黒曜石の孤独

彼女と会うたびに、私は彼女に深淵を見る。

 

彼女はとても素敵な女性だ。笑顔は少ないが、気遣いやで優しさに溢れた態度で、不平不満を愚痴ることなどなく、いつも努力を欠かさない。理論的な思考はいつでもすがすがしく、己の意見をきちんと説明できる知能を持ち、それによって相手を傷つけない思いやりも併せ持っている。
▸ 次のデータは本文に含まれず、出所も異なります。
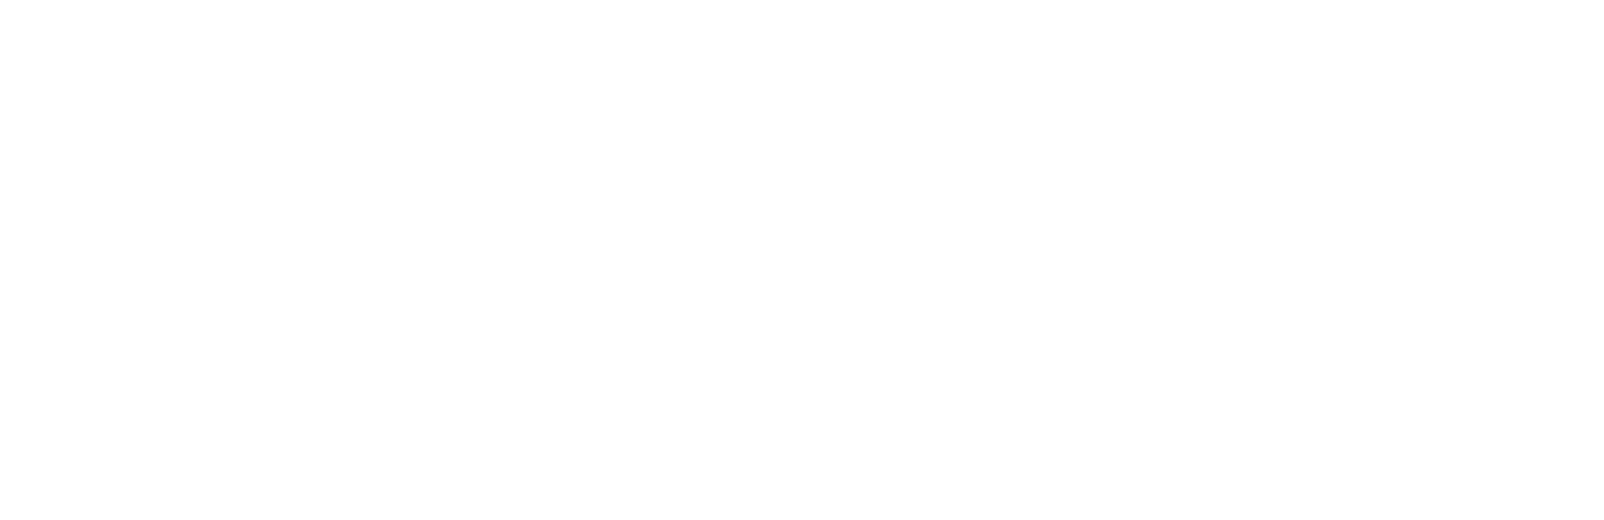 6G Summit Networking Lisbon

それでいて、非常に優美であると感じるのは、彼女は努力の痕跡をまったく人に見せようとしないからだ。

 

彼女は美しい、孤高の人だ。

 

時折みせる彼女の深い孤独は、私を魅了するに余りあるものだった。黒曜石のように滑らかで、時に人を傷つけてしまうほどに鋭角。時に欠点とも言われるそれは、私にとってはただただ美しいとしか感じ得ないものであった。

彼女は私にとって理想であり、崇高で尊い存在であった。

 

それは十年経ついまでも変わる事は無く、むしろますますそれは加熱していく一方であった。私は彼女の理解者でいたいと切望しながらも、その孤独感を愛しているが故に必要以上には踏み込まないようにしていたように思う。

それはとても残酷な行為であることを知りながら、私はただただ己の欲のままに彼女と共にあった。彼女を本当に孤独にしていたのは私だったのかもしれない。

 

彼女は時折、私に寂しいと言った。私は何も言わずに彼女をその時だけ抱きしめた。私は私自身さえも、彼女の孤独を壊す人物を許せなかった。しかしどうしても、彼女の近くにいたいという欲求を我慢できないことがあったのだ。

 

私はとても残酷な人間だ。とてつもない屑だ。本来ならば彼女の近くに居られないような人間だ。それでも、離れることができない傲慢な豚だ。

 

私は彼女に恋をしているんだと思う。しかし、それは愛になりえないあまりにも自己中心的なものだ。

私はこのままでいたいと願いながらも、どこかで彼女に断罪される日を待ち望んでいるのかもしれない。

 

その時までは、どうか彼女の一番近くに居るのが自分であるようにと祈らずにはいられない。

 

 

 

一気に書き留めると、ぱたりと日記を閉じた。それは現実とも夢想ともつかない、ほんの少しの言葉遊び。孤独が胸を突き刺す度、美しいものを目にする度、心が大きく震える度、開いては取り留めなく言葉を綴った。それは誰かに対しての届かないラブレターのようなものだったのかもしれない。

そうして、眠れない夜が明けて朝が来る。ゆっくりと布団に入ってほんの少しの惰眠をむさぼる時だけが、唯一安心できる。

おやすみなさい。よい夢を。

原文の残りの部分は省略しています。